| What is required |
From the line with "Beautiful Mermaid Girl" to the line with "宝龙城市广场(滨江)小区 - 户型网", output every line below exactly, both ends included. Skip the pictures.

| The records |
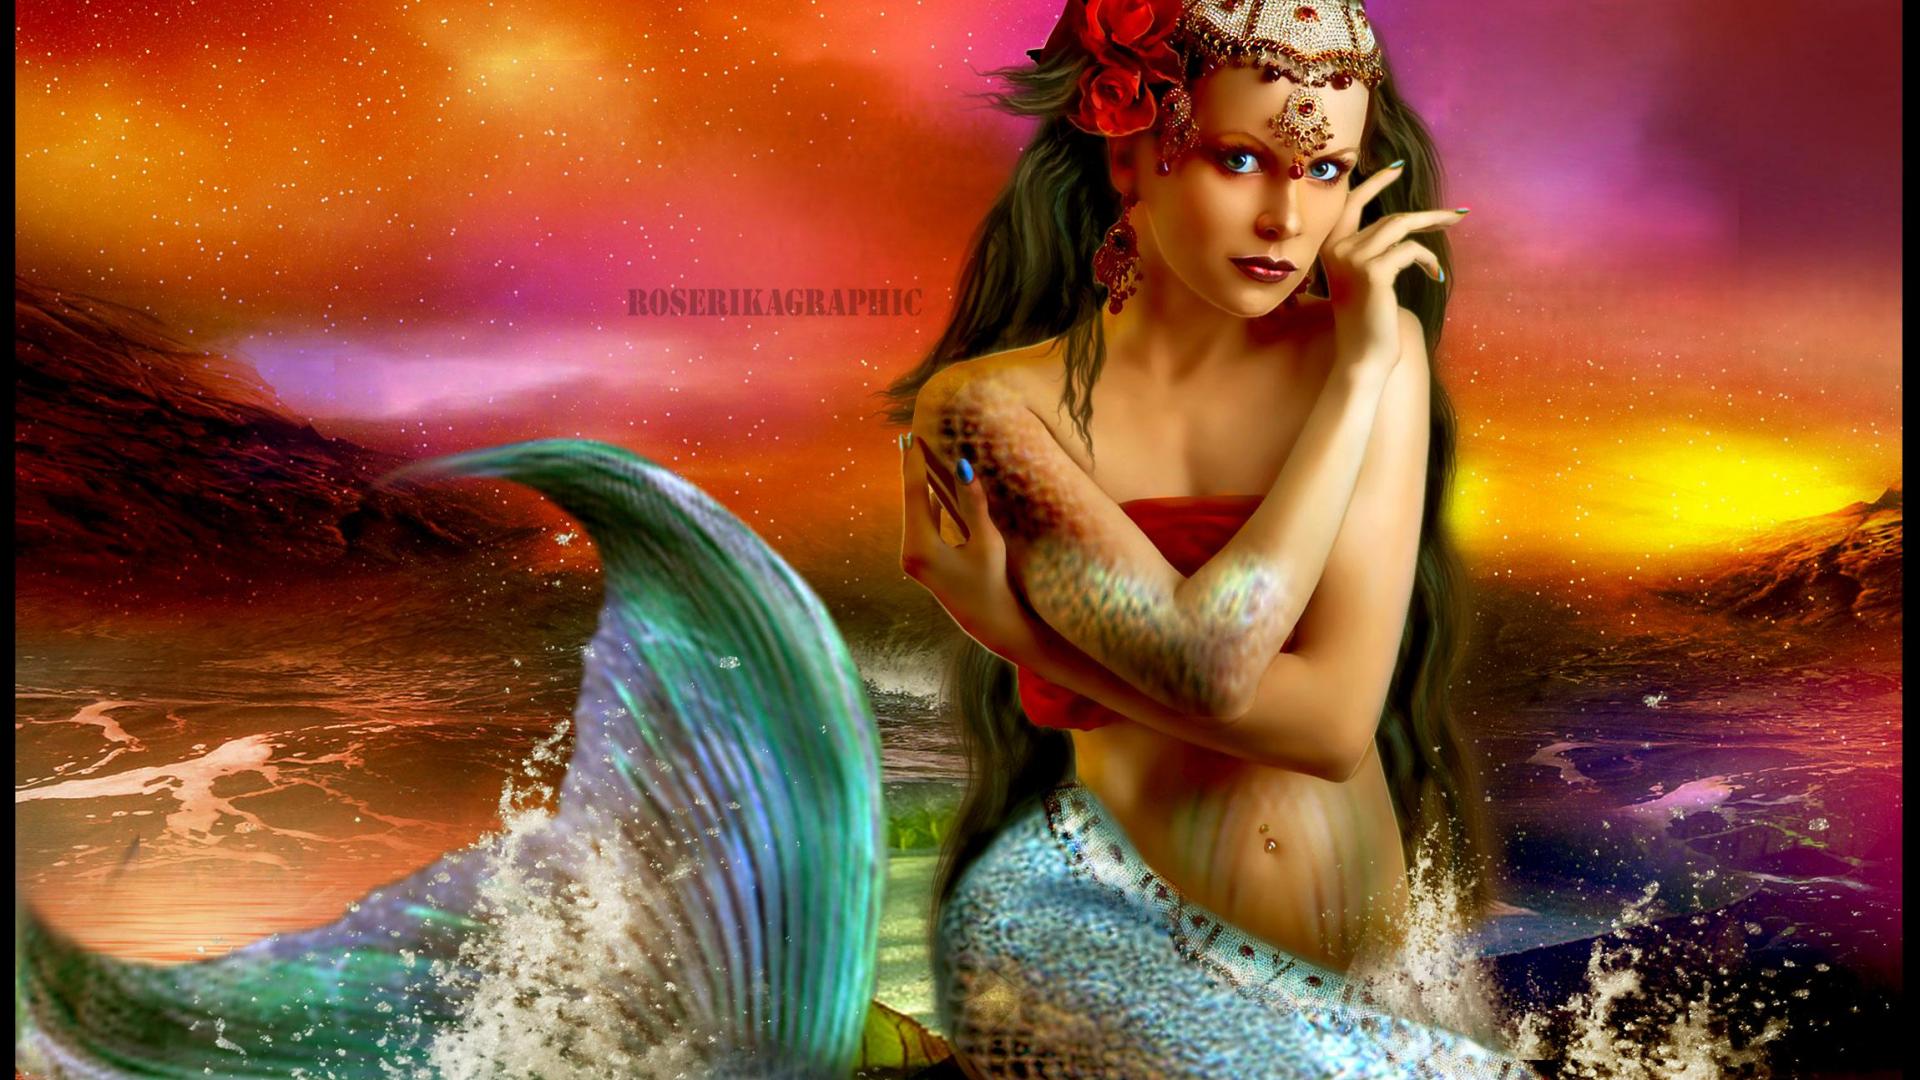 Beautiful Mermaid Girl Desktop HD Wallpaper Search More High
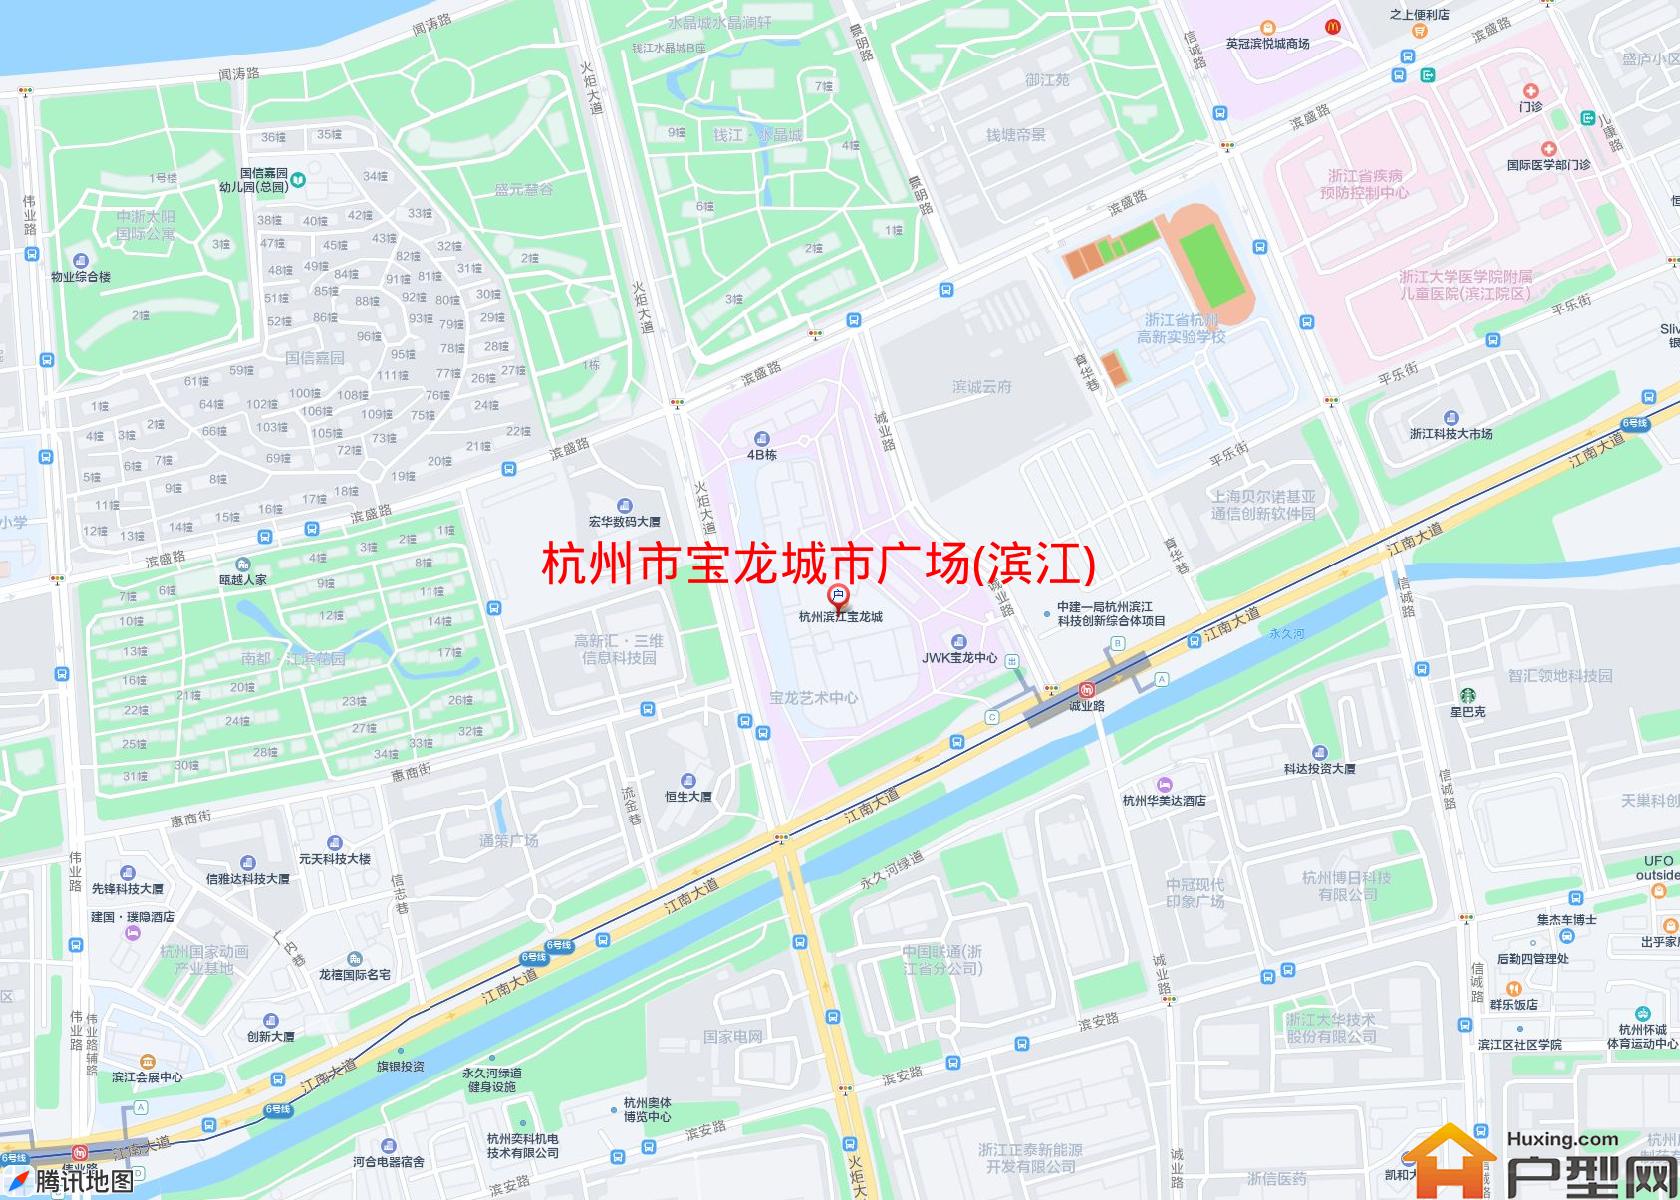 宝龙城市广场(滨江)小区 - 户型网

--

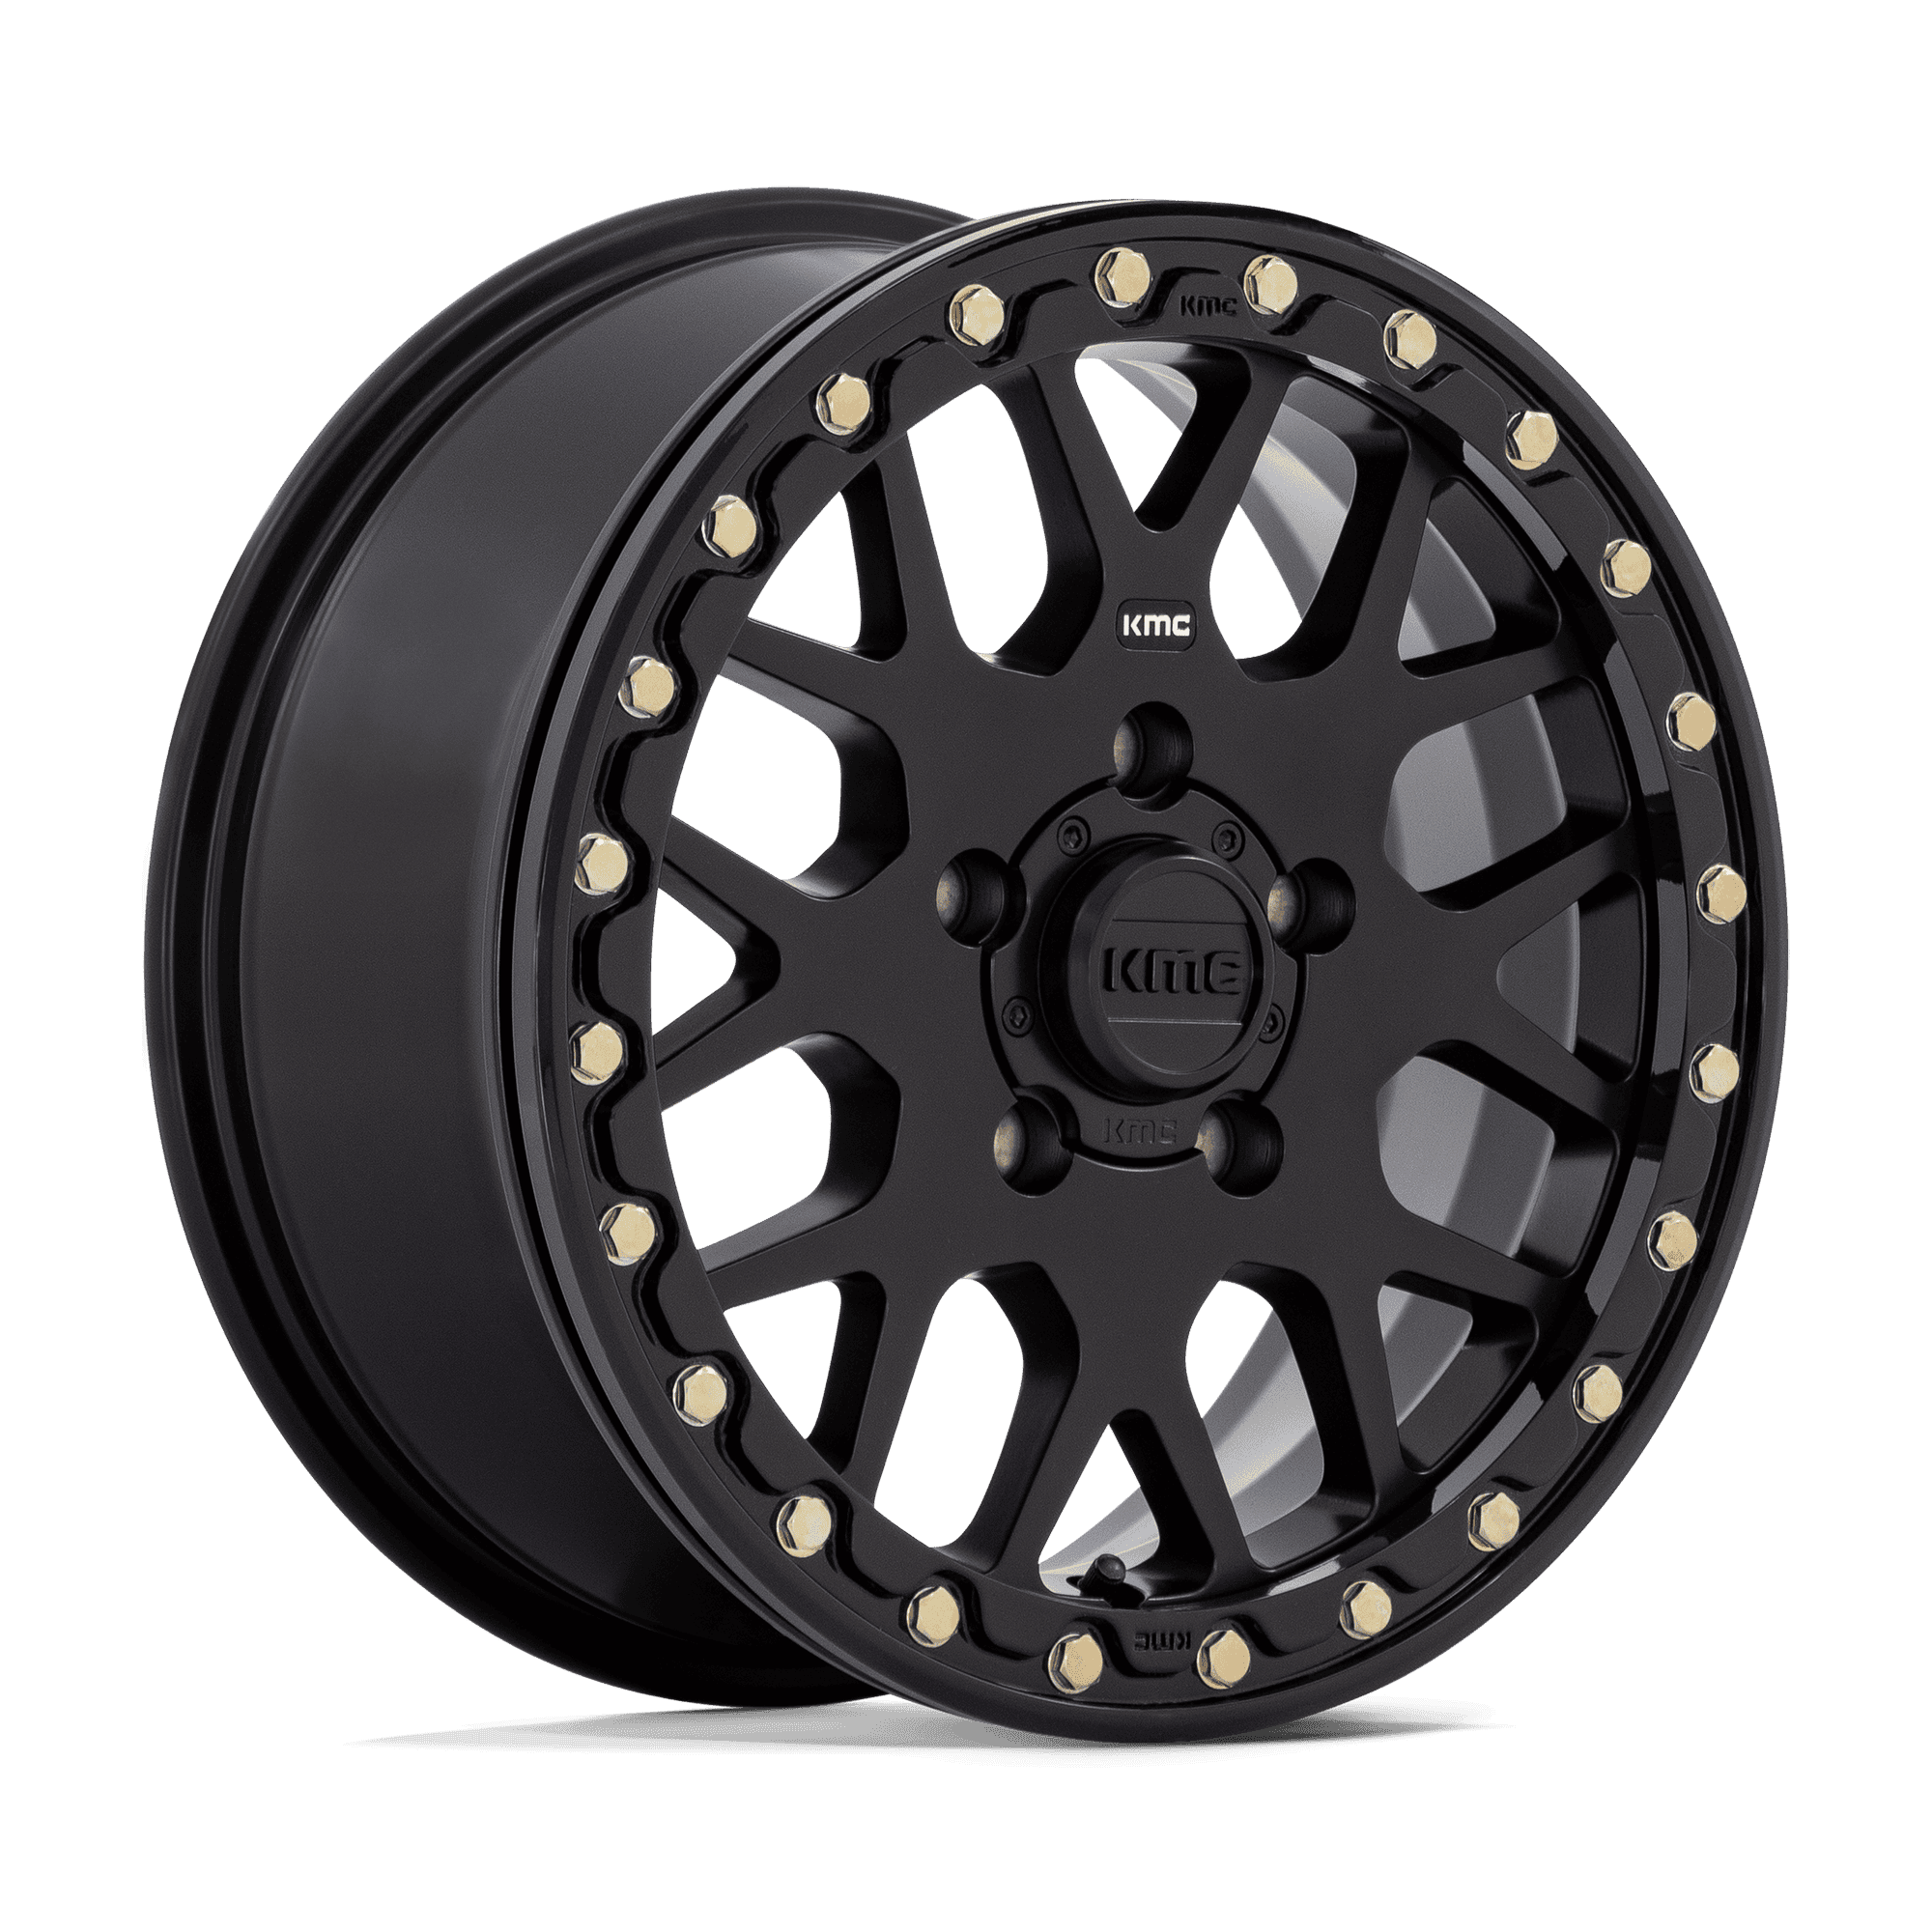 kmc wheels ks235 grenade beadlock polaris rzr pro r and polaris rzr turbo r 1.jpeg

| Task result |
 Beautiful Mermaid Girl Desktop HD Wallpaper Search More High
 宝龙城市广场(滨江)小区 - 户型网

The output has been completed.